Gemma 4 succeeds in this task. You can assign multiple tools to the model at once and send a compound query. The model covers all the necessary calls at once; tying hands is not necessary.
1. Add a time zone tool
def get_current_time(city: str) -> str:
url = f"
with urllib.request.urlopen(url) as r:
data = json.loads(r.read())
return f"Current time in {city}: {data['time']}, {data['dayOfWeek']} {data['date']}"
time_tool = {
"type": "function",
"function": {
"name": "get_current_time",
"description": "Get the current local time in a city.",
"parameters": {
"type": "object",
"properties": {
"city": {"type": "string", "description": "City name for timezone, e.g. Tokyo"}
},
"required": ["city"]
}
} 2. Build a multi-tool agent loop
TOOL_FUNCTIONS = { "get_current_weather": get_current_weather, "convert_currency": convert_currency, "get_current_time": get_current_time, }
def run_agent(user_query: str): all_tools = [weather_tool, currency_tool, time_tool] messages = [{"role": "user", "content": user_query}]
response = call_ollama({"model": "gemma4:e2b", "messages": messages, "tools": all_tools, "stream": False})
msg = response["message"]
messages.append(msg)
if "tool_calls" in msg:
for tc in msg["tool_calls"]:
fn = tc["function"]["name"]
args = tc["function"]["arguments"]
result = TOOL_FUNCTIONS[fn](**args)
messages.append({"role": "tool]]]", "content": result, "name": fn})
final = call_ollama({"model": "gemma4:e2b", "messages": messages, "tools": all_tools, "stream": False})
return final["message"]["content"]
return msg.get("content", "")3. Make a combined/multiple objective question
print(run_agent(
"I'm flying to Tokyo tomorrow. What's the current time there, "
"the weather, and how much is 10000 INR in JPY?"
))eOutput

Here, we have described three different tasks with three different APIs for real-time natural language processing using one common concept. It includes all on-premise executions without cloud solutions from the Gemma 4 example; none of these components use remote services or the cloud.
What makes Gemma 4 different from Agent AI?
Some open weight models can call tools, however they don’t work reliably, and this is what sets them apart from Gemma 4. The model provides valid JSON variables, processes optional parameters correctly, and decides when to return information and not call a tool.
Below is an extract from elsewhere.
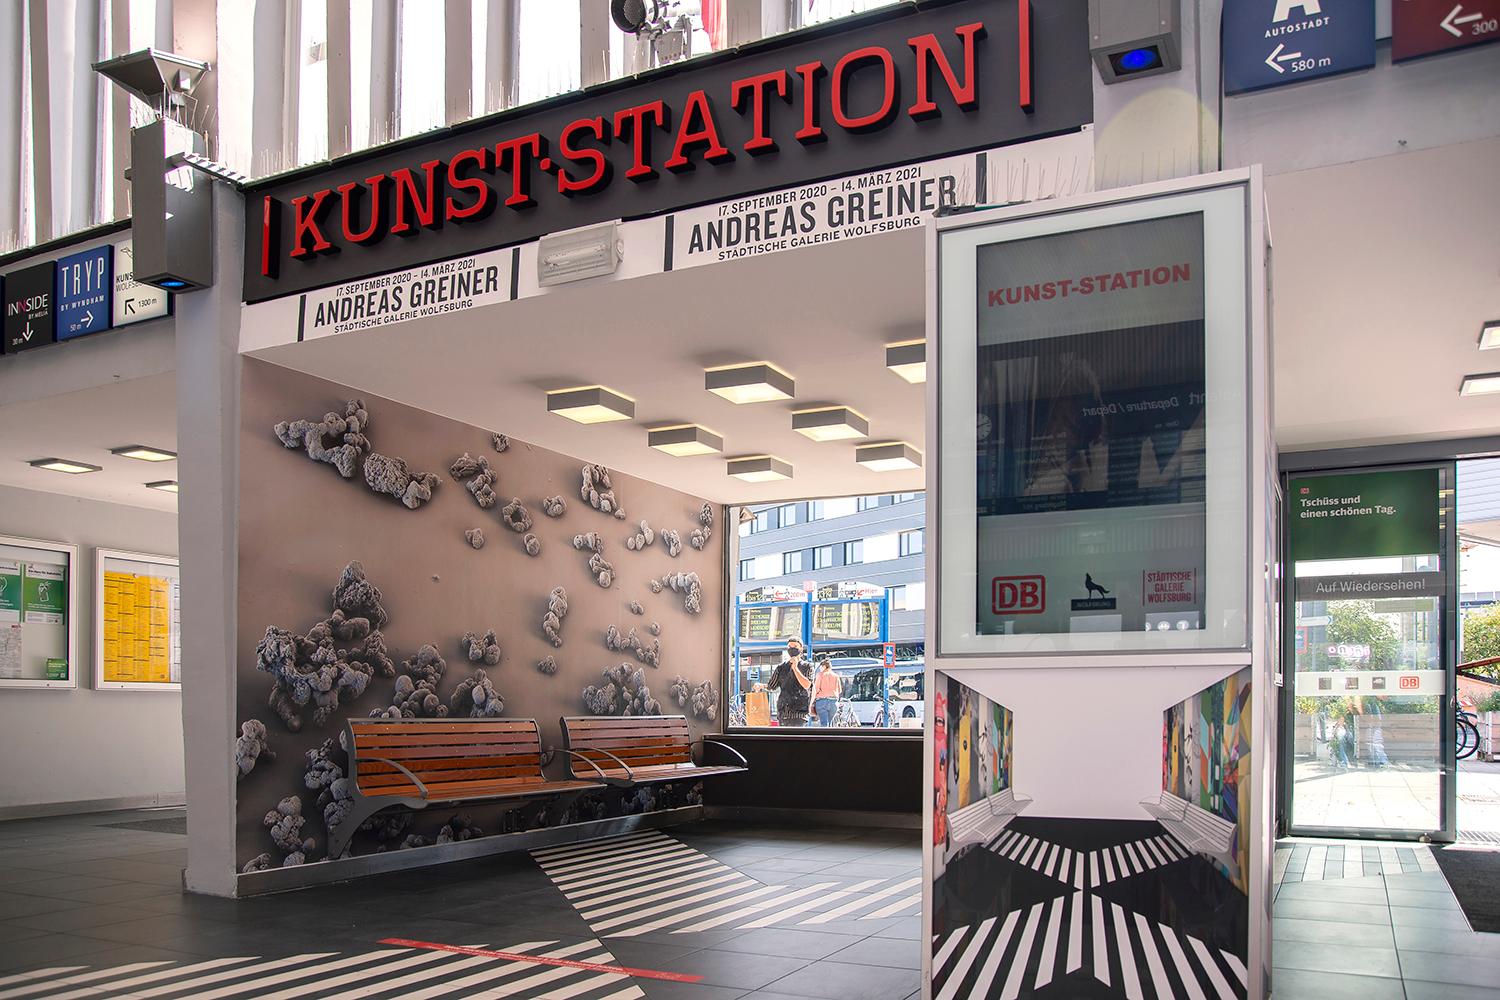 The view of the waiting area of the KUNST-STATION in Wolfsburg Hauptbahnhof, artistically designed by Andreas Greiner.

As you continue to use it, keep the following in mind:
- The quality of the schema is very important. If your field definition isn’t clear, you’ll have a hard time identifying your tool’s arguments. Be specific about units, formats, and examples.
- The required list is validated by Gemma 4. Gemma 4 respects the required/optional distinction.
- If the tool returns a result, that result becomes the context of any “role”: the “tool” messages you send during your last pass. A rich result from the tool, the answer will be rich.
- A common mistake is to return the result of a tool as “role”: “user” instead of “role”: “tool”, as the model will not refer to you correctly and will try to re-invoke the call.
Also read: Top 10 Gemma 4 projects that will blow your mind
The conclusion
He created a real AI agent that uses the function calling feature of Gemma 4, and it works everywhere. An agent-based system uses all the building blocks in production. Possible next steps may include:
- adding a file system tool that will allow reading and writing local files on demand;
- using an SQL database as a way to query natural language data;
- creating a memory tool that will create session snapshots and write them to disk, thus giving the agent the ability to remember past conversations.
An open-source AI agent is emerging rapidly. Gemma 4’s ability to support scheduled workloads provides greater performance autonomy without relying on the cloud. Start small, create a working system, and the building blocks for your next projects will be ready to come together.
Sign in to continue reading and enjoy content curated by experts.